Step 3: Why retain files in root 1 that are a binary equal
or syntactically equivalent to those in root 2? If you press
"Del EqEqvR1", only essentially different selected file types will
remain in root 1. Unselected file types will not be
touched. This is the basis of an in-a-pinch SCM.
3a: Make or get a newer copy of a development root.
3b: In Newer
, choose an older copy as root 1,
the newer copy as root 2. Check all file types including
"other". Click "Del EqEqvR1".
3c: Archive the now-reduced file set of the older copy and
restore it when needed. In my case, a newer root is 300+ MB
and reduced sets are on the order of 10 MB for an typical week of
development.
Step 4: Creep further by retaining only restorable file
differences instead of whole files (one creep too many for me --
I'll rely on the real SCM at this point).

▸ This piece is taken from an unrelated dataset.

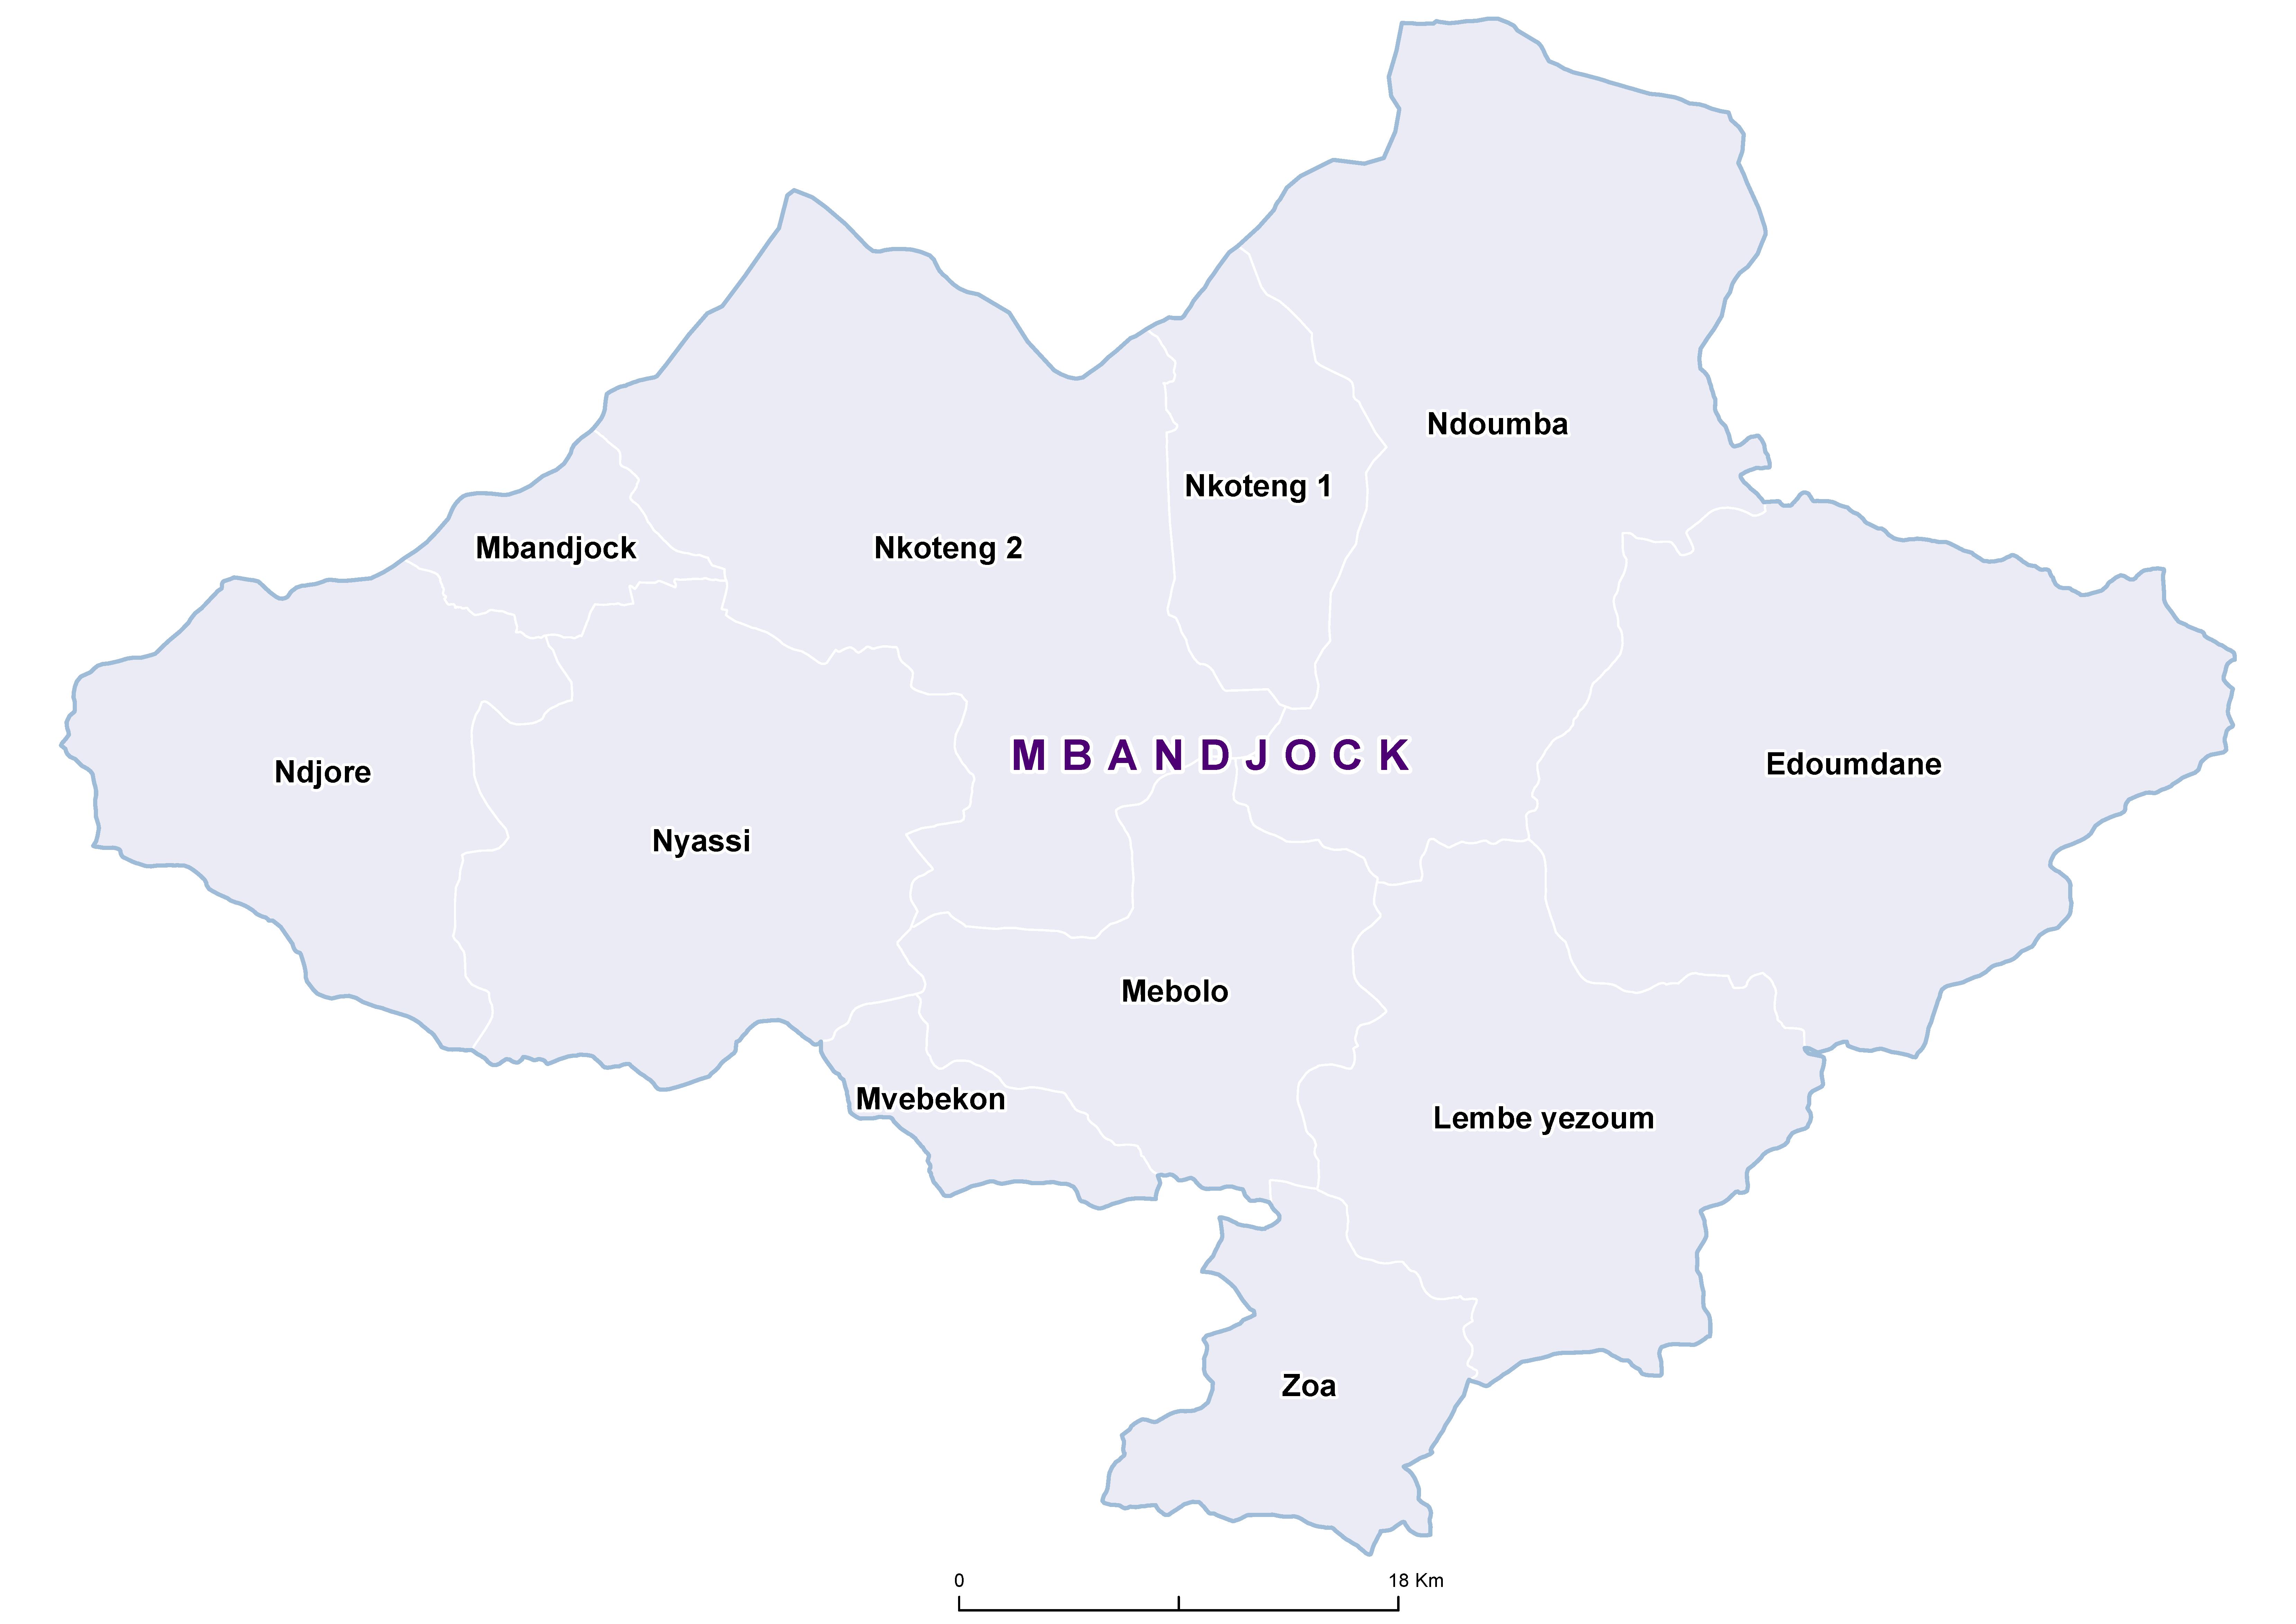 Mbandjock SCH 20180001

Step 0: By default, Surround SCM's 'get' saves
read-only copies. Be sure to change the root 1 folder to
remove the read-only attribute if you are going to make updates or
deletes in this folder. Choose 'Apply changes to this
folder, subfolders and files'. Other SCM's (git clone,
perforce Get Latest Revision, svn checkout, etc.) will have other
considerations you may need to take into account.
Comparative Creeping
In case it hasn't been obvious, Newer
is also an
attempt to wrest features out of any single SCM. There are
many SCM's. They all have some or many features. For
one list of SCM's, please see the Index in following reference (2)
below.
I think it's easier and more desirable to keep control of
features outside any single SCM when they can be included in
something like Newer
. Maybe my next world
won't use Surround SCM. Newer
should
still work.
So, the "Diff" button finds files that are different in two
snapshots. What to do? Let's look at them. One
good tool for that is Beyond Compare. Newer
will first look for the executable "BCompare.exe" in Environment.SpecialFolder.ProgramFilesX86
.
If it doesn't find it there, it looks in Environment.SpecialFolder.ProgramFiles
.
If it doesn't find it there, it cries.
To compare file differences, select some text of the file
name in a "Diff" or "Same" list. Then click the "BC"

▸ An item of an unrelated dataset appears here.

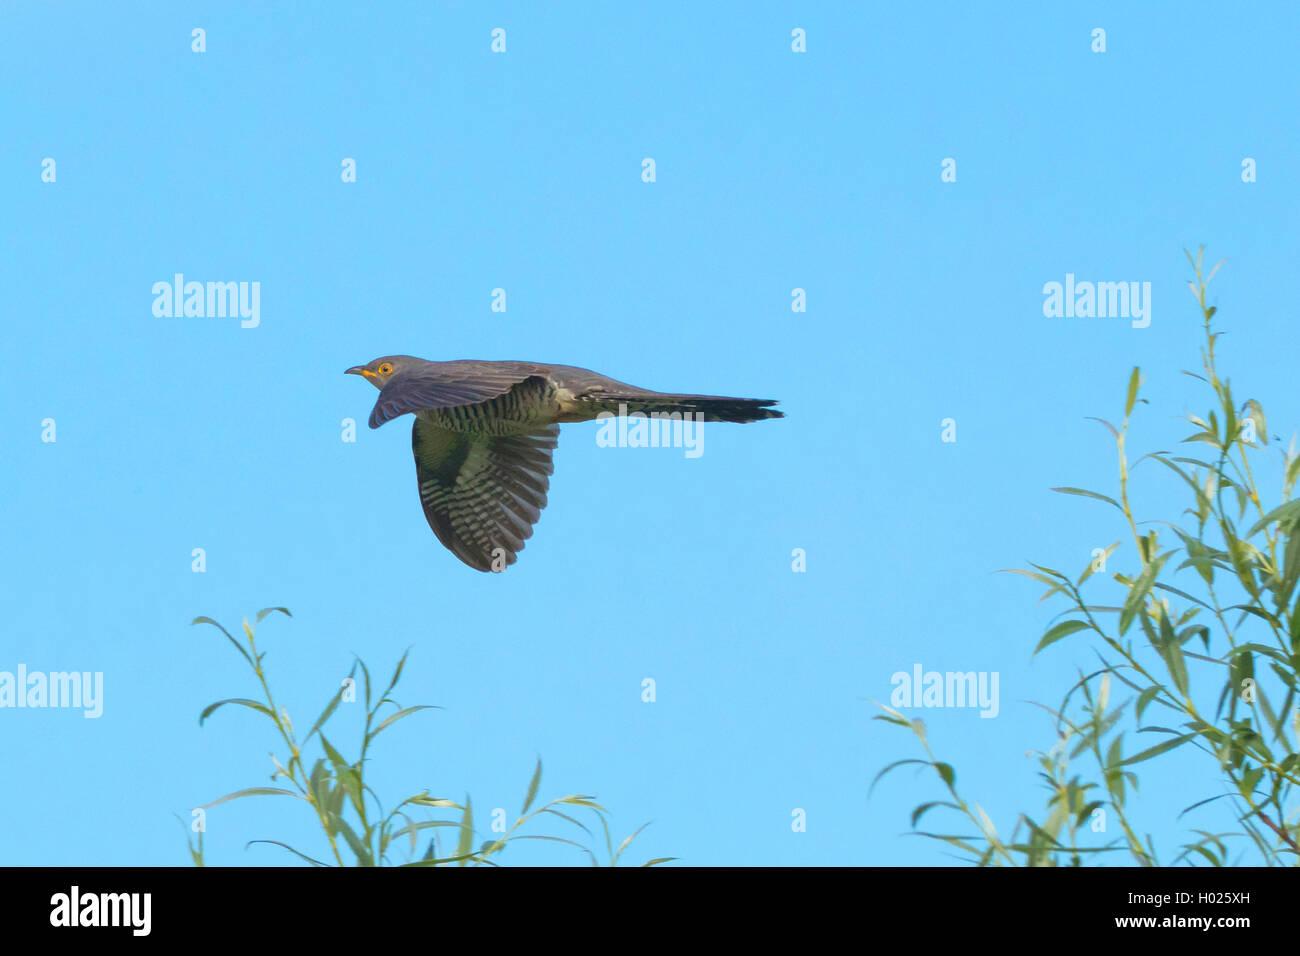 Kuckuck (Cuculus canorus), fliegend, Deutschland, Bayern | Eurasian cuckoo (Cuculus canorus), flying, Germany, Bavaria - Stock Image

button. It's above the "other" CheckBox.
Why would you compare "Same" files? Well, there is
identically the same and syntactically the same. The later
might be worth comparing to check comment changes. Wouldn't
it be nice to know which files were identical and which just
equivalent? The following is a detail of a "Same" listing:
Notice the two .cpp file names preceded by "~". These two
are only syntactically equivalent in root 1 and root 2.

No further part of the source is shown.